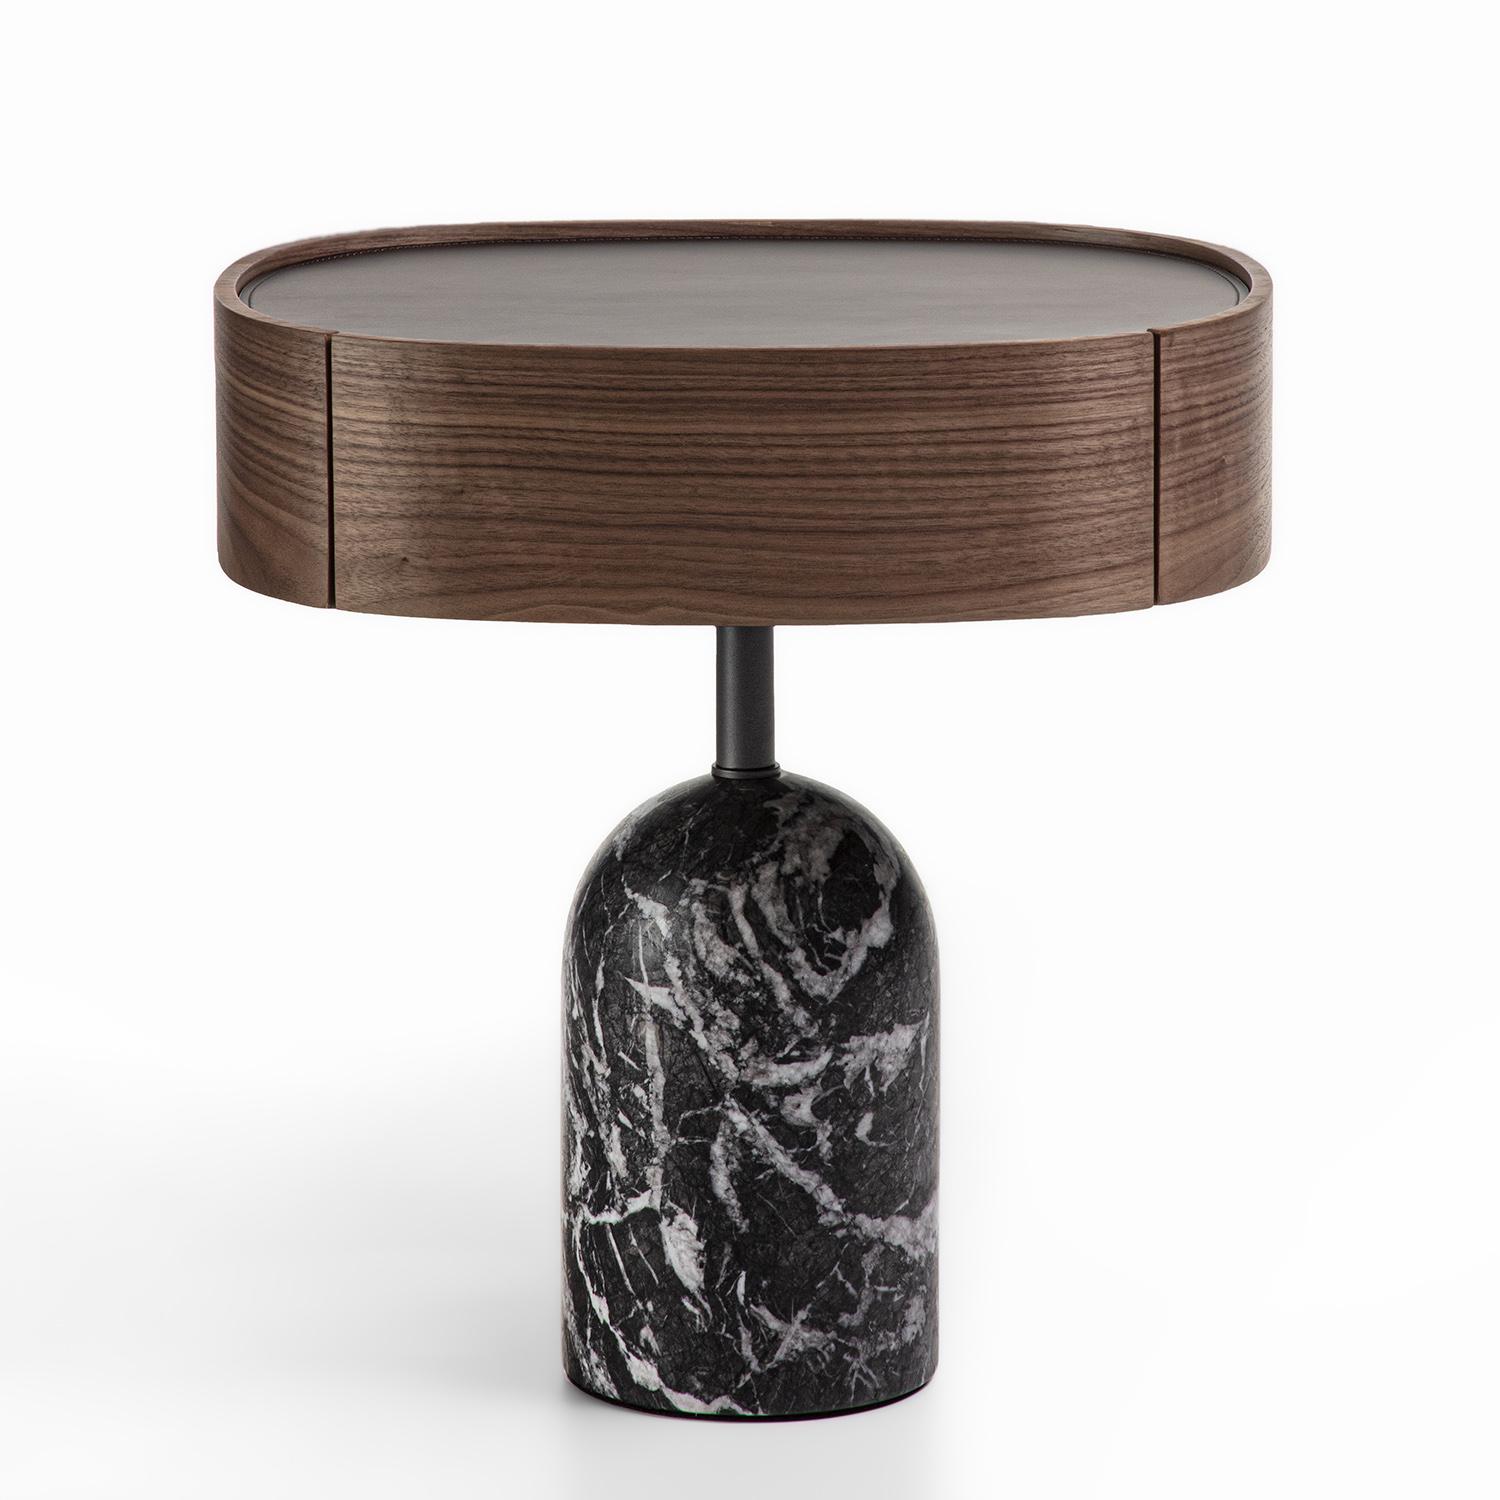 Bedside Table Stelle Night Gray with base in solid gray polished marble,
with metal pole in iron finish ans with solid walnut top with 1 drawer. Top
covered with black genuine leather.
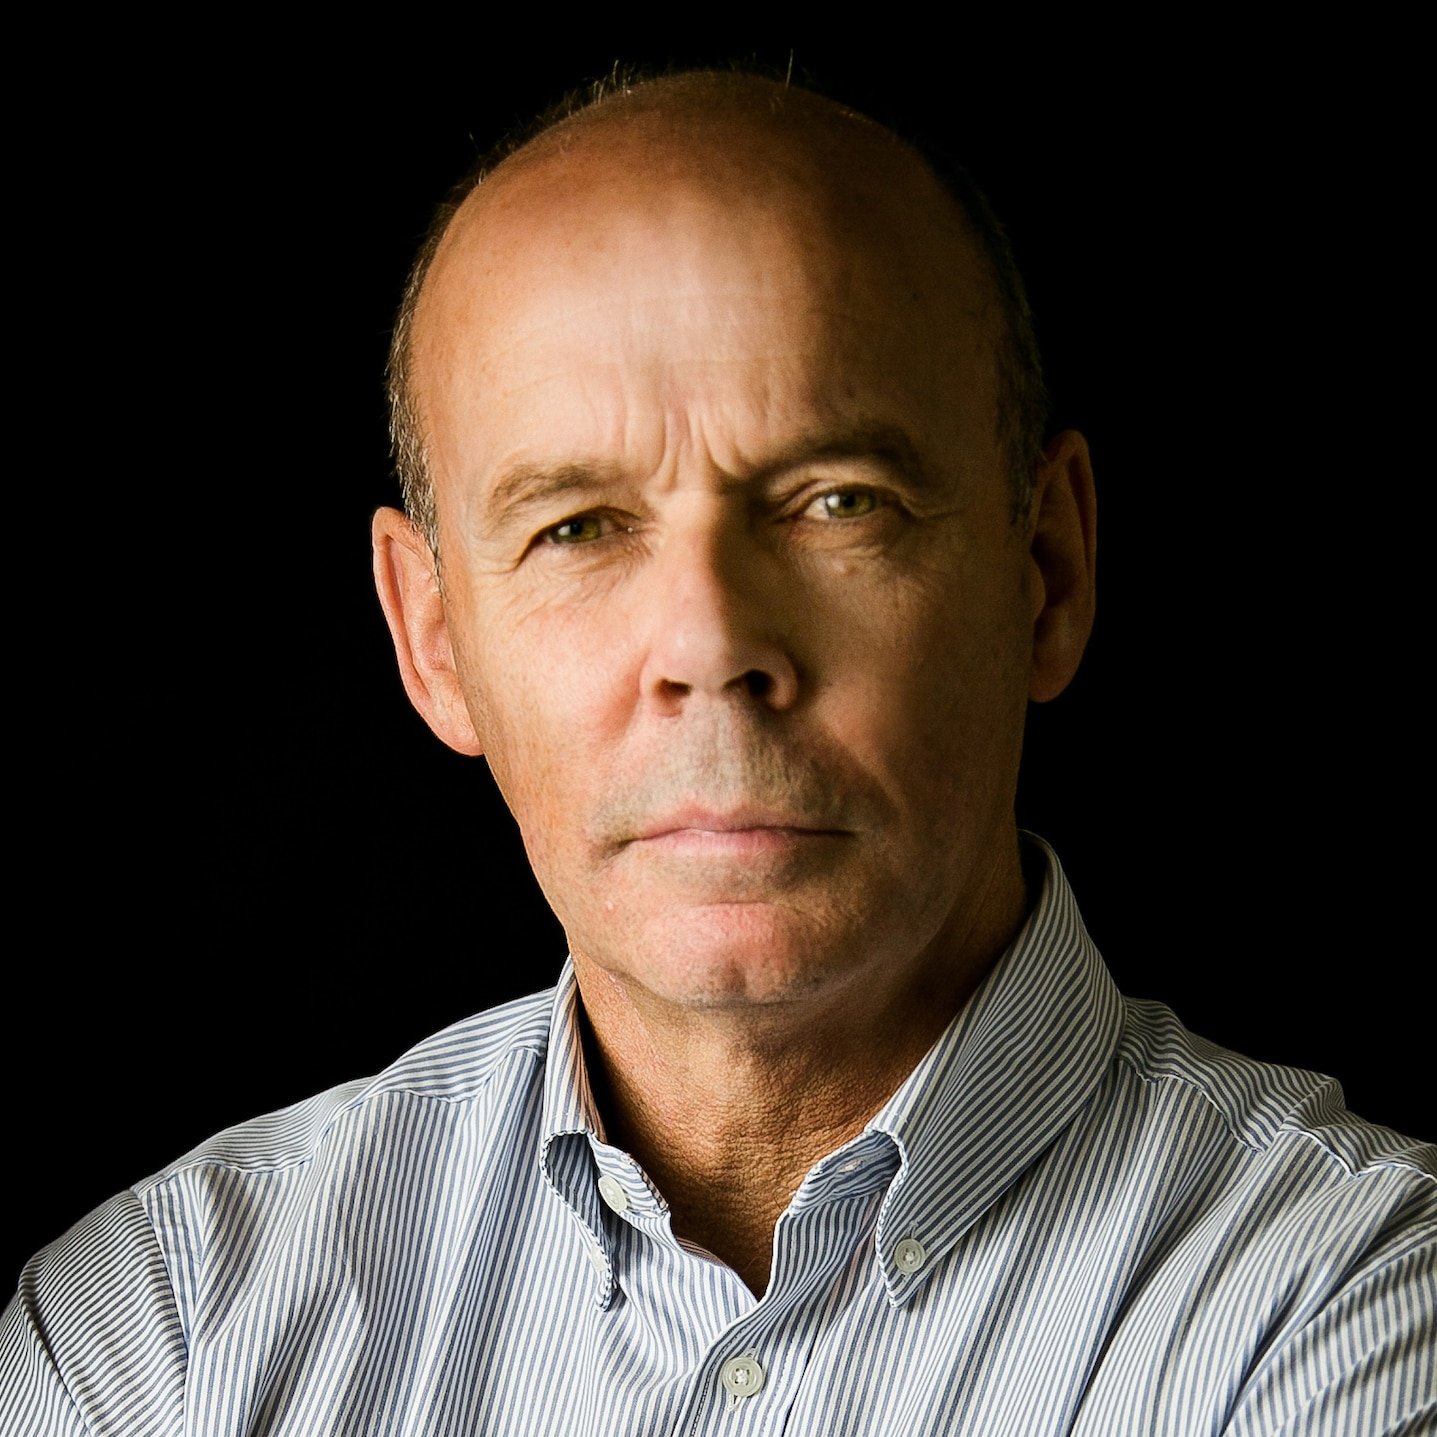 Sir-Clive-Woodward-England-Rugby-World-Cup-Coach-Director-Sport-Team-GB-Hive-Learning-Leadership-inspirational-speaker-at-Great-British-Speakers
---------------
> **WORK TO COMPLETE**: Each line of the listing above belongs in the answer exactly as written; the pictures do not.

> **EXERCISE RESPONSE**:
 Bedside Table Stelle Night Gray with base in solid gray polished marble,
with metal pole in iron finish ans with solid walnut top with 1 drawer. Top
covered with black genuine leather.
 Sir-Clive-Woodward-England-Rugby-World-Cup-Coach-Director-Sport-Team-GB-Hive-Learning-Leadership-inspirational-speaker-at-Great-British-Speakers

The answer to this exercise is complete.